Cheap chicken, cheap shirts, cheap sneakers — they’re all being paid for by somebody, even if it’s not the person taking them home. More than a third of the working poor, Ruppel Shell notes, have jobs in retail, where the annual mean wage for a department store “associate” is $18,280. That’s one reason we pay so little for those shirts and sneakers. We’re also being subsidized by a distant labor force we never see, the Chinese and Mexicans and Vietnamese who work under well-documented Dickensian conditions. As Ruppel Shell acknowledges, sweatshops represent a step up from the miserable rural poverty these young men and women left behind. But the workers themselves have no leverage to demand higher wages or more humane treatment, since manufacturers can go almost anywhere in the world to find a more compliant work force. Of course, American companies claim to investigate and audit their overseas factories, but most abuses are never uncovered. The local bosses are very good at hiding offenses and falsifying documents. “We lecture our kids on social responsibility and then buy them toys assembled by destitute child workers on some far-flung foreign shore,” Ruppel Shell writes. “Somehow the Age of Cheap has raised cognitive dissonance to a societal norm.”
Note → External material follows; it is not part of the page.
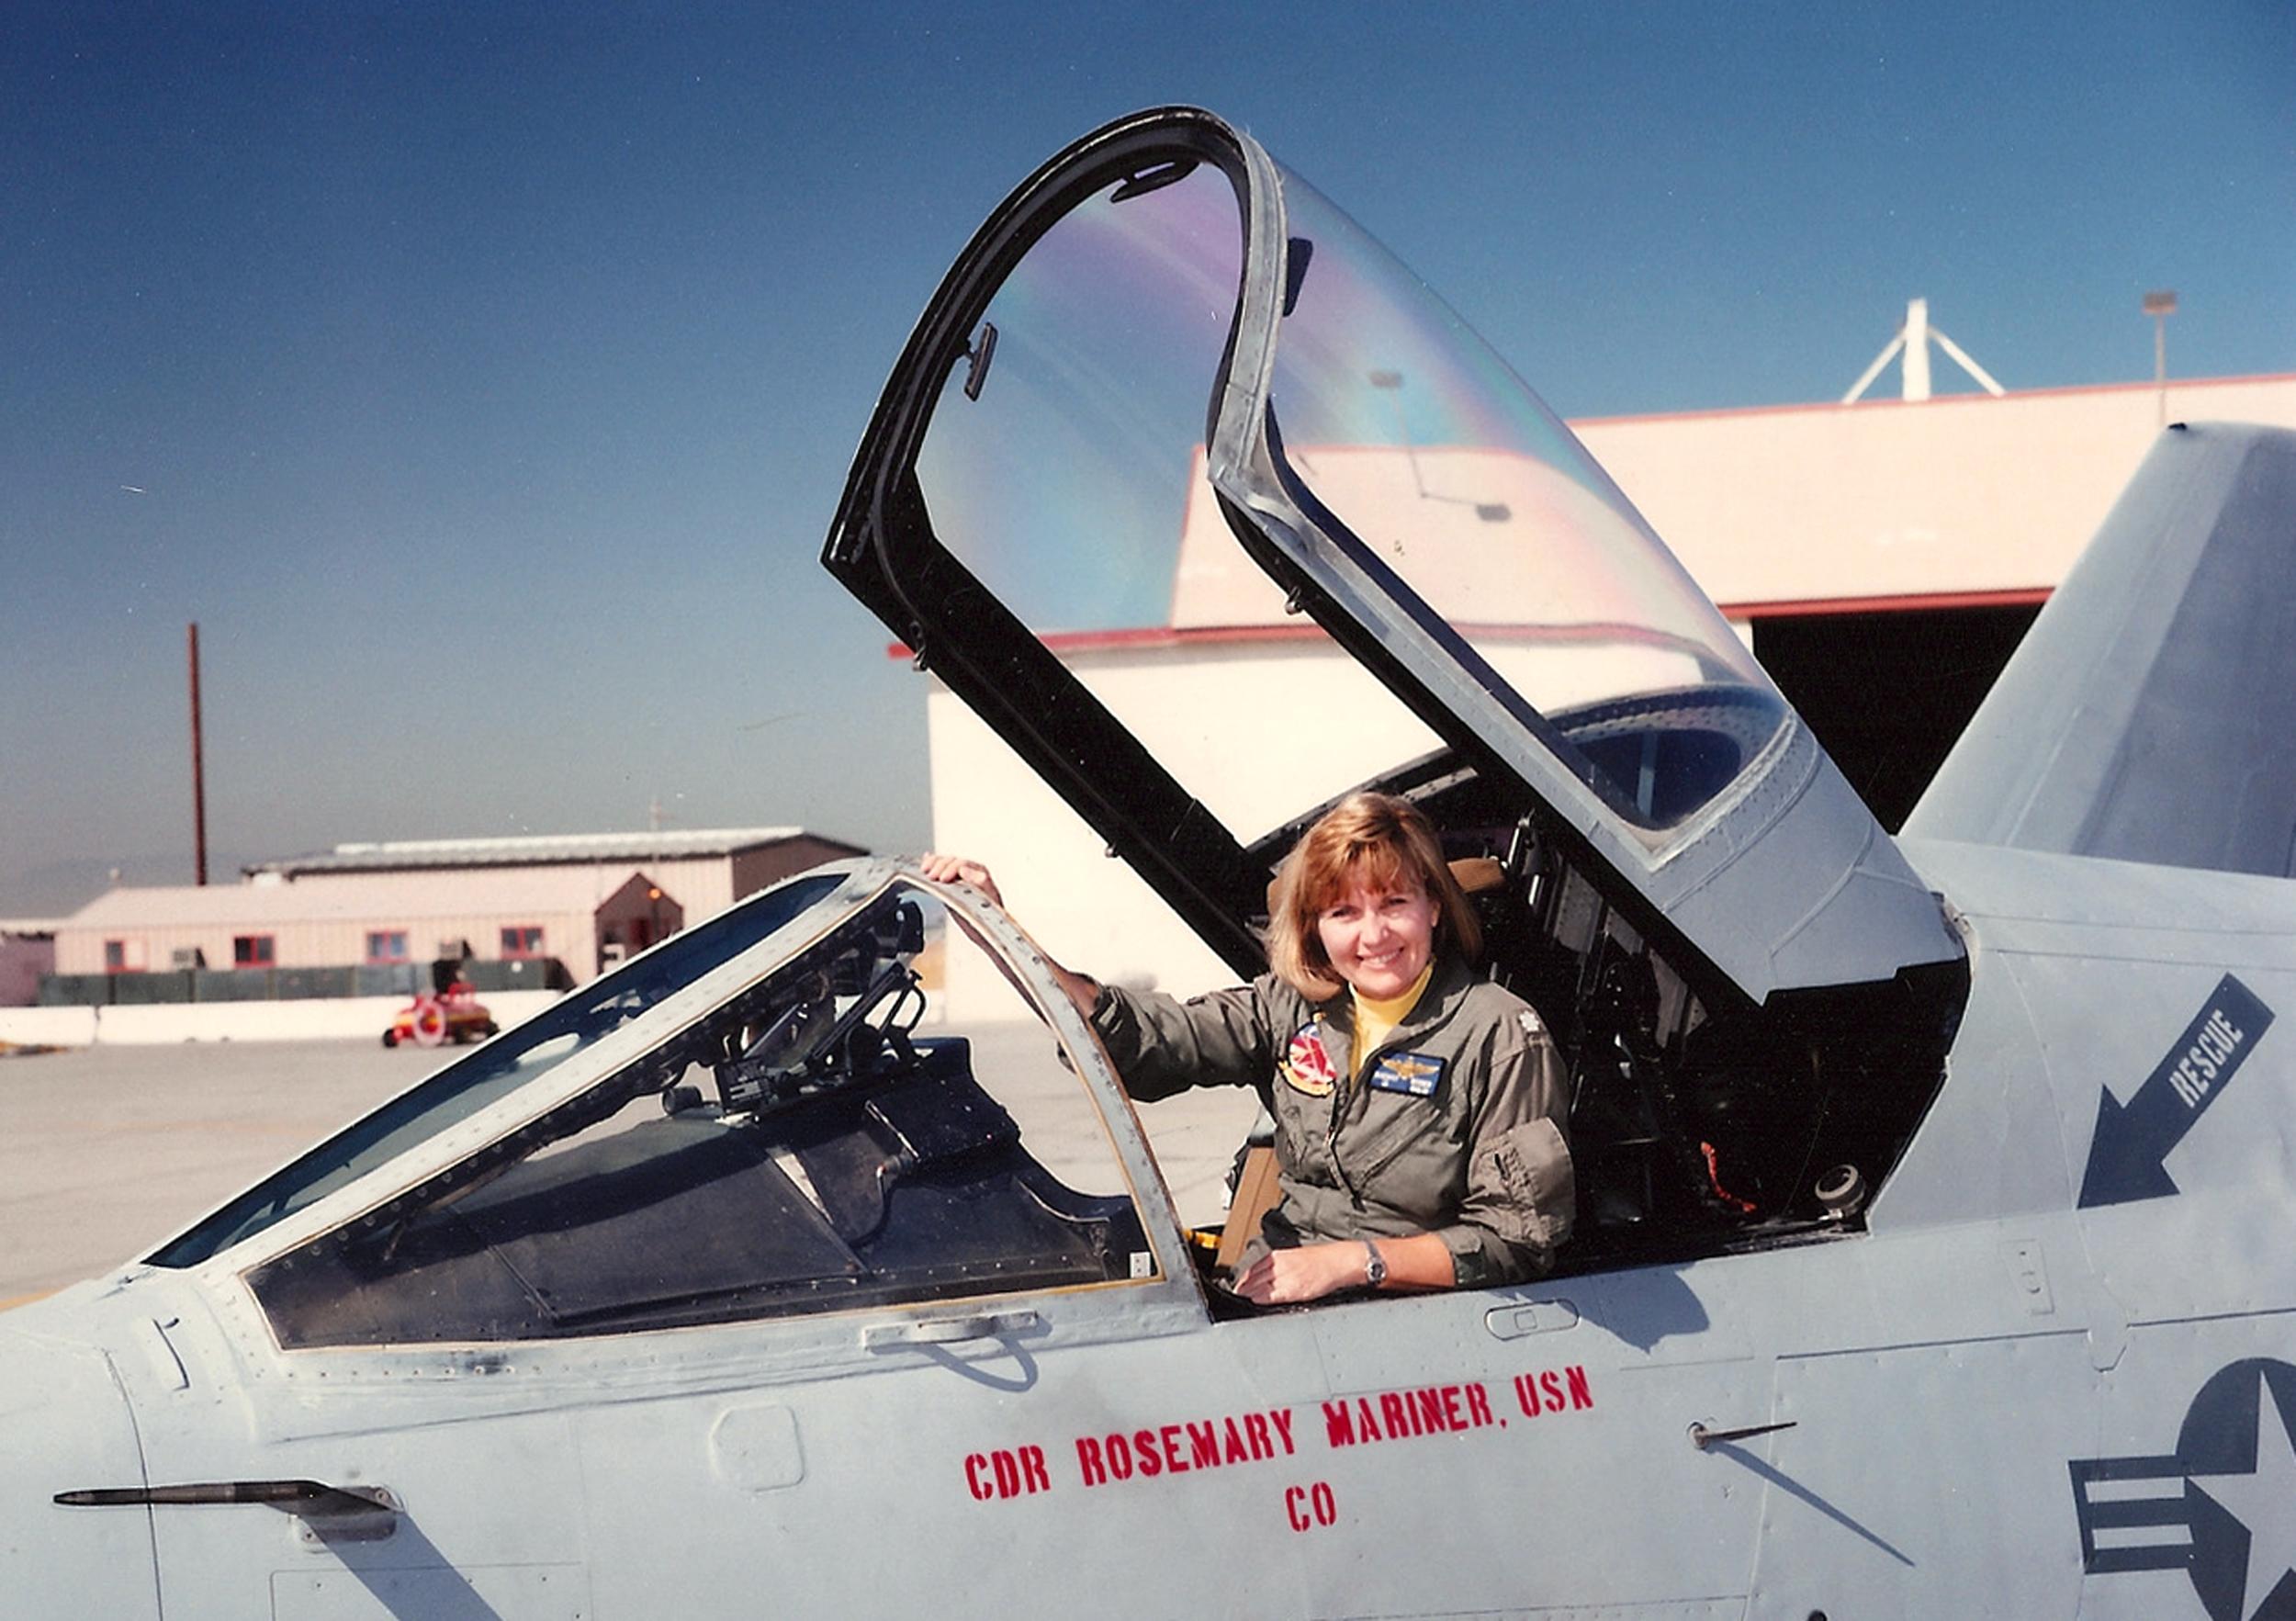 'A Badass Pilot': Capt. Rosemary Mariner, First Woman To

Robert Pollin, an economist at the University of Massachusetts, told Ruppel Shell that raising the wages of a worker in Mexico by 30 percent would add only 1.2 percent to the price of a shirt — that’s 24 cents on a $20 shirt. Most companies won’t hear of it. Cost-cutting is the only value they recognize, in part because profit margins are so narrow that companies can’t afford to compete on any basis except ever-lower prices. An American dream once fueled by ideas and entrepreneurship has been reduced to laying off workers and reducing risk. “When prices are kept too low, innovation is nearly impossible,” the Harvard economist Robert Lawrence told Ruppel Shell. Apparently we’re not even building better mousetraps anymore — just cheaper ones.
Ruppel Shell doesn’t conclude with any grand ideas for reshaping the world’s economy, though she praises Wegmans and Costco, arguing that they manage to thrive without doing a lot of damage. But she doesn’t need to formulate grand ideas here. She’s delivered something much more valuable: a first-rate job of reporting and analysis. Pay full price for this book, if you can stand to. It’s worth it.